The most common neuropathy caused by RT to the brain is radiation-induced optic neuropathy (RION). In a systematic review of 70 studies on the effects of brain and head and neck RT, the prevalence of retinopathy or optic neuropathy was 3.8% (147). RION has been extensively described in the literature, although it is an uncommon effect of RT and its pathophysiology remains unclear. The proposed pathophysiology of RION includes ischemic demyelination secondary to damage to the capillary endothelium, injury to vascular endothelial cells leading to retinal occlusion, an induced hypoxic environment, generation of ROS, and/or direct optic nerve damage (120,148,149).

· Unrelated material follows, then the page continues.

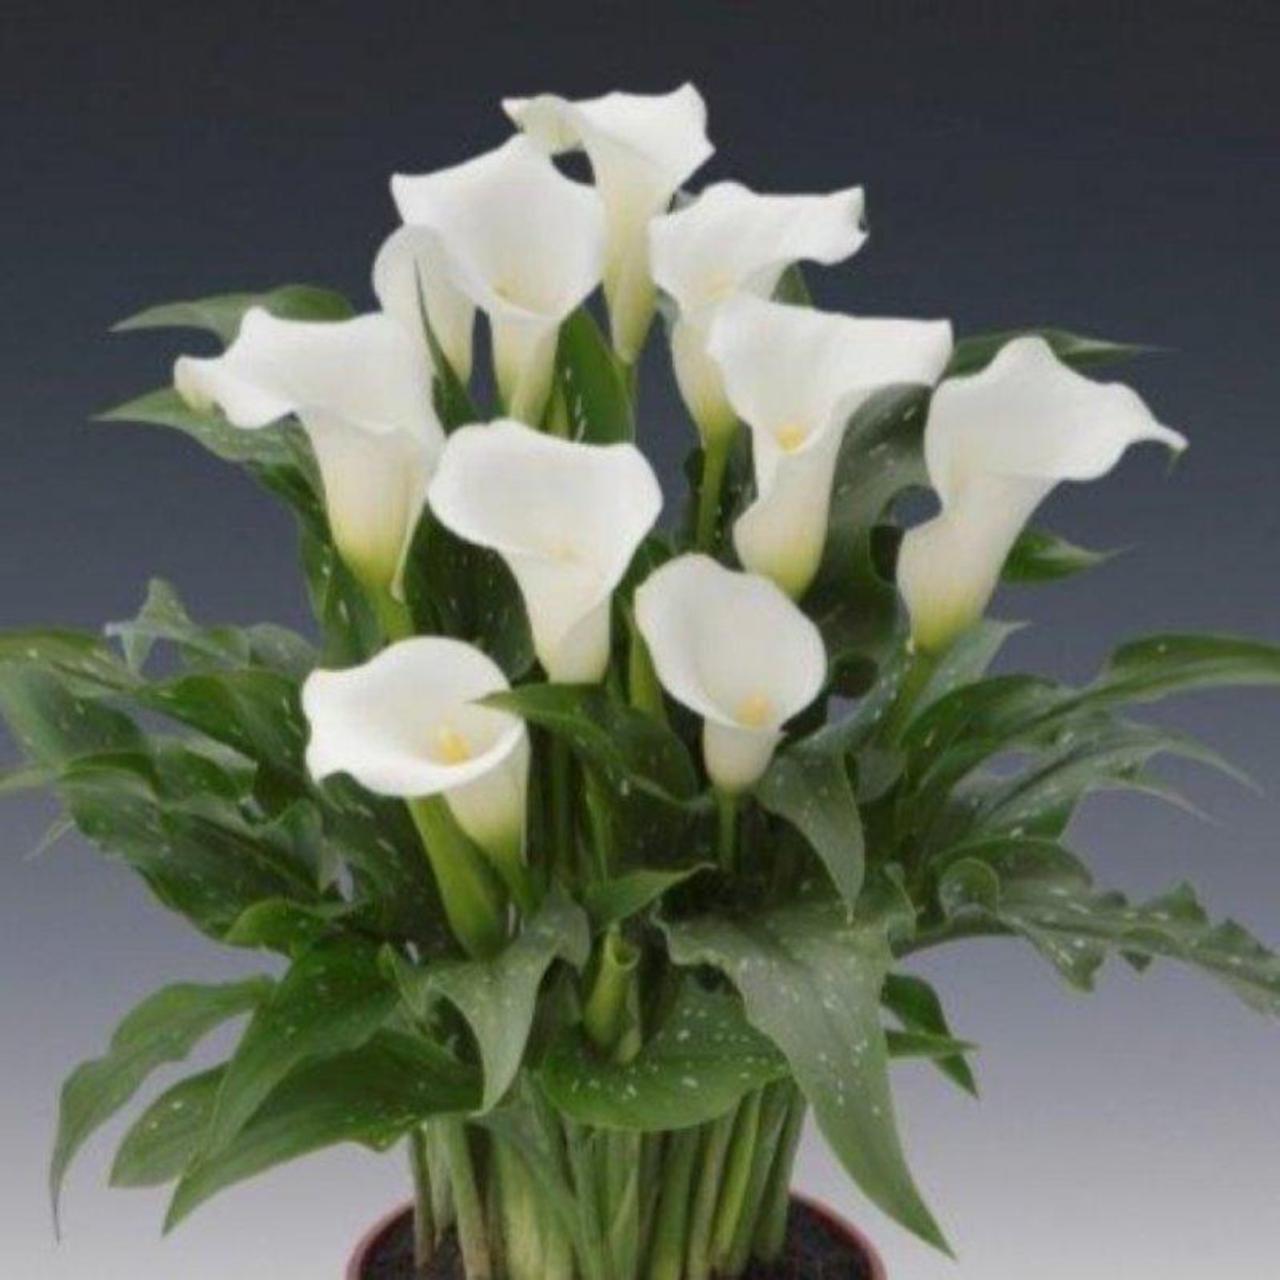 Zantedeschia 'White Art' plant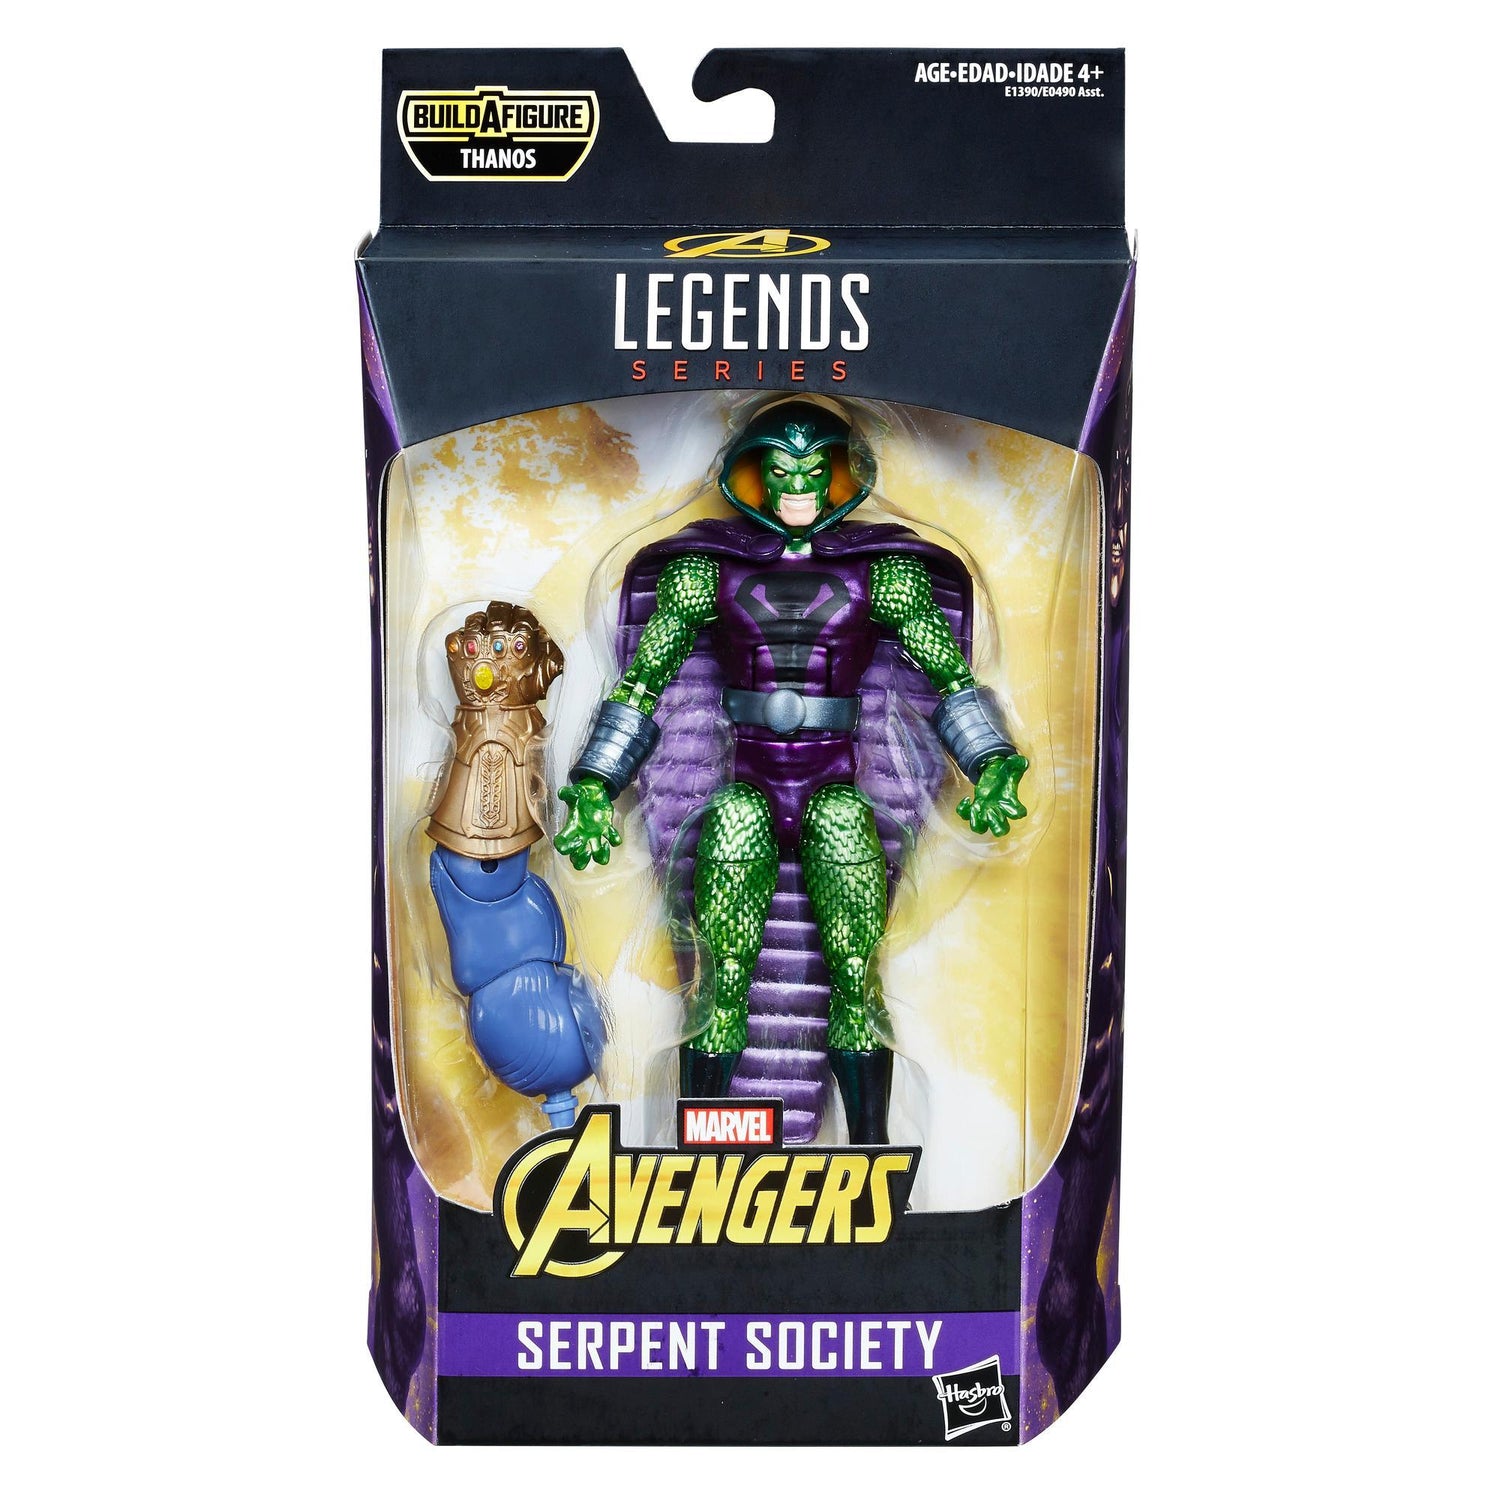 Avengers Marvel Legends Series Serpent Society Figure

Evidence suggests that patient- and tumor-related risk factors play only a minor role in the development of neuropathy after CNS and head and neck RT and that radiation dosage constitutes the most significant determinant for the development of neuropathy (150). In a study examining optic toxicity from RT in the treatment of meningiomas, total dose and fraction size were both risk factors for optic nerve injury (151). Multiple systematic reviews have concluded that a total dose of <50 Gy is not associated with optic neuropathy or retinopathy, but higher doses are (147,152). However, there have been a few published cases of RION after WBRT of <50 Gy (153-156). These studies support conservative dosing of RT to the brain and optic nerves given the occurrence of RION even at lower doses. Other than dose, risk factors for RION may include hypertension, smoking, optic nerve compression, and concurrent chemotherapy (150,156,157).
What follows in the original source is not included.